Faith is the act of believing in the illogical. If something makes sense then you don’t need faith to believe in it it. You only need your mind. Although logic is a highly valuable, it does come across certain limits. It get’s you to certain point and then you can’t go on. Once you lost faith and reached the limits of your logical abilities, what are you supposed to do? Where do you turn? How do you proceed? You can always choose despair. But that answer doesn’t satisfy me.

I suggest that you listen to this music while reading this blog post. Here is The Mystic’s Dream by Loreena McKennitt from her album The Mask And The Mirror.
I’ve talked about losing my religion in the holy land here.
Then I wrote about my attempts to become a very bad person here.
This is part 3 in my adventure with faith. How to regain faith after you have lost it? The short answer is that it happened on its own and without an effort on my part. Gradually. The long answer is this:
Religion is where the eternal touches human. The human made bits draw from our nature and therefore is corruptible. I grew up in certain society. Others around me behaved a certain way and I imitated them. That is what you do when you young and green. I can see now how losing faith was like hitting a reset button on a computer. It allowed me to get rid whatever mental conception I had about faith and find my own connection with the eternal that is genuine.
I no longer believe, I know. My faith is a direct experience. My heaven is a place on earth in the here and now. My hell as well. Both are of my own creation.
I can see how doubt and disillusion was a necessary step to rid myself from the false bits in order to get to the genuine bits.
Does the ocean care if a fish says:” I don’t believe in water, it doesn’t exist?”
So how can we convince that fish that water does exit?
“Pull the fish out of water”
Ah! the near death experience. That is one way. I wonder if a fish can discover water without jeopardizing its life. A gentler more loving way of discovery.
Contemplate your hand for example. Not the way your hand looks, nor the sensation of somebody touching your hand, but rather the way your hand feels on the inside. Simply close your eyes and sense the aliveness of your hand. Draw your awareness to just one hand right hand for a minute. Don’t take my word for it, I am not asking you to believe, have your own experience. Experiment on your own.
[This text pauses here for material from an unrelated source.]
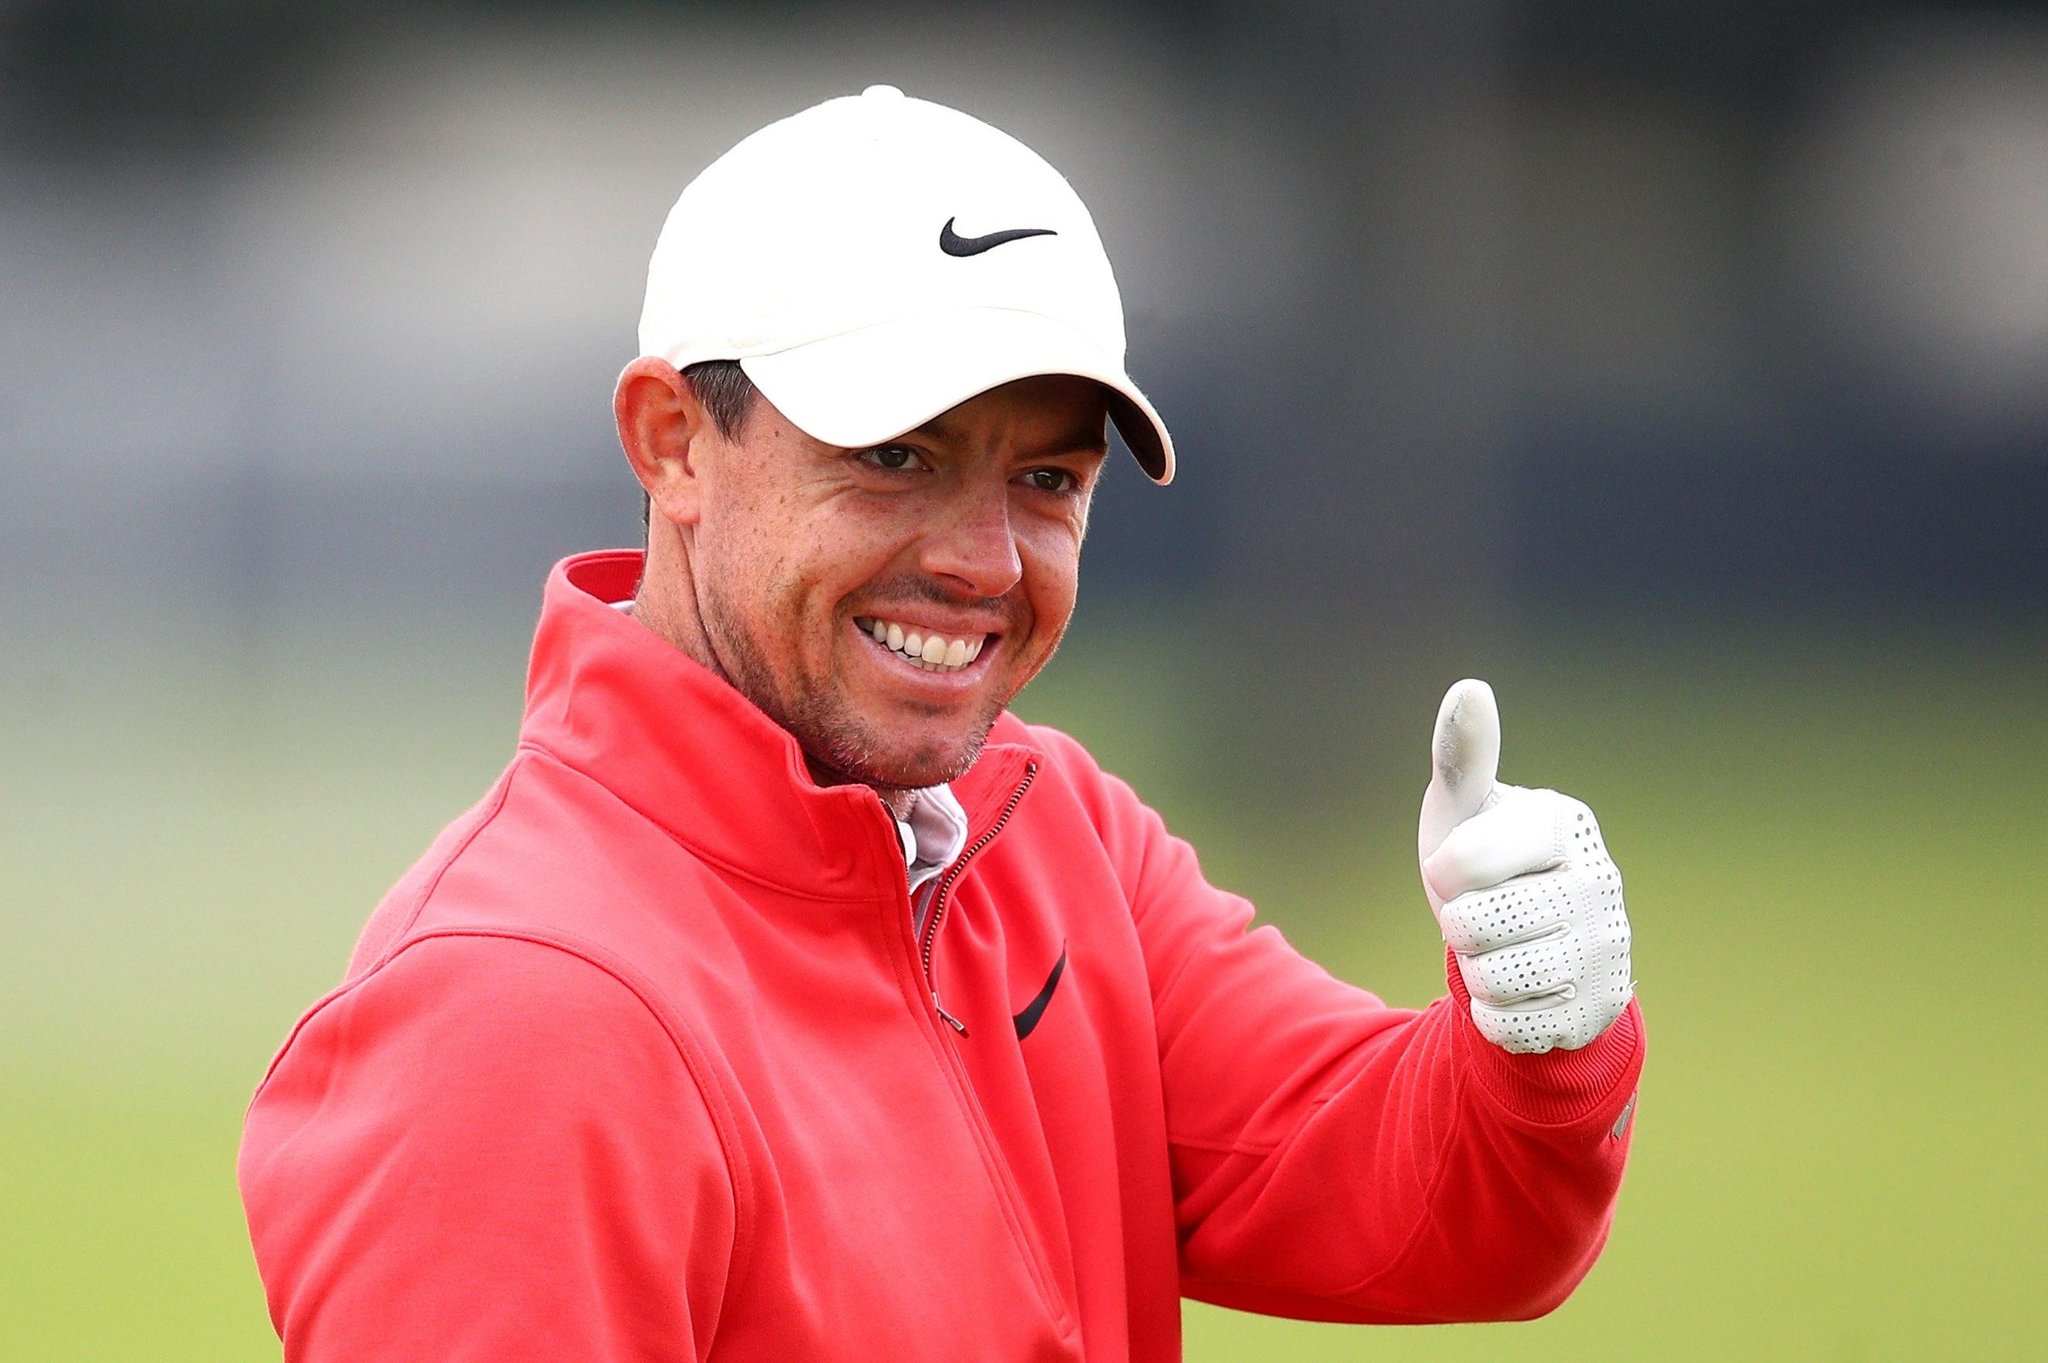 Rory McIlroy to draw on memories of best golf to defend Wells Fargo Championship

“How could God create such injustice and cruelty in this world?”
You are asking the wrong question.
“What is the right question?”
Ask yourself what answer would comfort you. Imagine if god with all his majesty was sitting here on the couch in this living room with us. What would you like him to say? What explanation would satisfy you?
“I don’t know.”
There is a way of knowing that in between rational thought and faith. Have you ever found yourself sitting in a dark yet familiar room? You know exactly where the door knob is. You can get up and reach for it without any hesitation even though you can’t see a thing. It is that type of knowing. Has nothing to do with faith. By being aware of the living force that is inside my body I am beginning to sense the aliveness pulsating all around. Like a fish, I was swimming in it all along.
It is humorous to me that you think the ocean would be offended by a disbelieving fish. It keeps on giving life, no matter what.
Maybe, I suppose, if “its” a force. But, if “its” a person, not human, but something which human may be fairly characterized as an imperfect, limited and finite image, then I would say not so much. Nor, in my experience, is there something between faith and reason, unless it is experience, which when properly done, can confirm or deny both.